Cuarto, se está llevando a cabo una regularización impositiva y previsional
que a corto plazo incrementa fuertemente los costos de transacciones de
los beneficiarios del programa. Quinto, las instituciones involucradas
en la ejecución del programa tenían una experiencia muy limitada en participación
campesina.
Descprición del programa
El Programa de Crédito y Apoyo Técnico para Pequeños Productores Agropecuarios
del Noreste Argentino fue estructurado en tres partes: crédito (de inversión
y capital de trabajo para organizaciones y grupos de productores o explotaciones
individuales), actividades de apoyo al pequeño productor y a las comunidades
aborígenes (promoción, organización y capacitación; validación y transferencia
de tecnologías; fortalecimiento de los institutos de tierras para la titulación
de las explotaciones) y apoyo institucional (implantación de un sistema
contable-financiero; seguimiento y evaluación; fortalecimiento de los
Bancos Provinciales).
El grupo objetivo del Programa está constituído por una población
de alrededor de 15 200 pequeños productores de las provincias de Corrientes,
Misiones, Formosa y Chaco, de los cuales se estimaba llegar con diferentes
acciones a 4 800 beneficiarios directos; posteriormente la provincia
del Chaco no participó del Programa pero no fue modificada la meta en
términos de beneficiarios directos.
El Programa es el primero de este tipo en la República Argentina,
iniciado y cofinanciado mayoritariamente por FIDA, que del presupuesto
total de USD 21 800 000 ha comprometido una participación de
USD 11 500 000, correspondiendo al BID USD 5 000 000
y a la contraparte local USD 5 300 000.
Sus objetivos son los siguientes: (a) poner a disposición de un determinado
número de pequeños productores agropecuarios, hombres y mujeres, del sector
privado de las provincias de Chaco, Formosa, Corrientes y Misiones, los
recursos financieros necesarios para el desarrollo de sus explotaciones
agropecuarias; (b) incorporar a los pequeños productores, beneficiarios
del Programa, a los sistemas institucionalizados de crédito, mediante
la provisión de servicios de apoyo; (c) promover y reforzar las organizaciones
de campesinos y las comunidades aborígenes; y (d) sentar las bases para
la ejecución de programas similares en otras regiones del país.
Limitaciones del diseño
La concepción del programa corresponde a una visión que si bien era
innovativa en la época en que se lo formuló (mediados de los años 80),
hoy en día, a la luz tanto de la experiencia en Argentina como en otros
países latinoamericanos (y de otras regiones), no es adecuada: un sistema
de financiamiento rural en el cual los intermediarios financieros tienen
un papel marginal, donde no se crean mecanismos para el ahorro de las
áreas rurales, se carece de una operatoria clara en materia de recuperaciones,
no hay incentivos apropiados para el repago oportuno de las deudas, no
se establecen provisiones para cubrir deudas incobrables, etc.
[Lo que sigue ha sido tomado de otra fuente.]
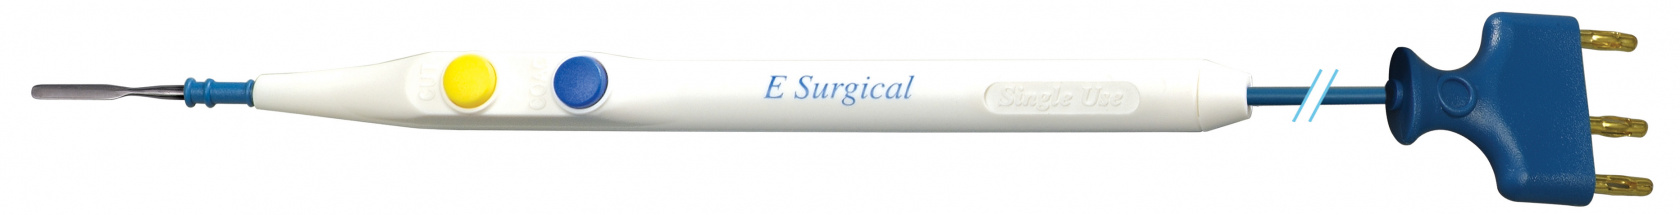 E Surgical Diathermy ECU Pencil 2.5in Std Blade Sterile EACHES image 0

Por otra
parte, los objetivos del programa no están claramente establecidos y no
había un tratamiento adecuado de los aspectos relacionados con la comercialización,
crédito y género, lo cual complicó la puesta en marcha efectiva del programa.
Tampoco se identificaron indicadores claves para seguimiento y evaluación
ni instituciones que participarían en el trabajo de evaluación.
Resultados positivos
del programa
No obstante las limitaciones señaladas en el párrafo precedente, y
las dificultades impuestas por el contexto, se alcanzaron algunos resultados
positivos que cabe destacar. De hecho, el programa, con las adaptaciones
introducidas durante la marcha del mismo, posibilitó la realización de
una vasta gama de actividades, más allá de las originalmente concebidas.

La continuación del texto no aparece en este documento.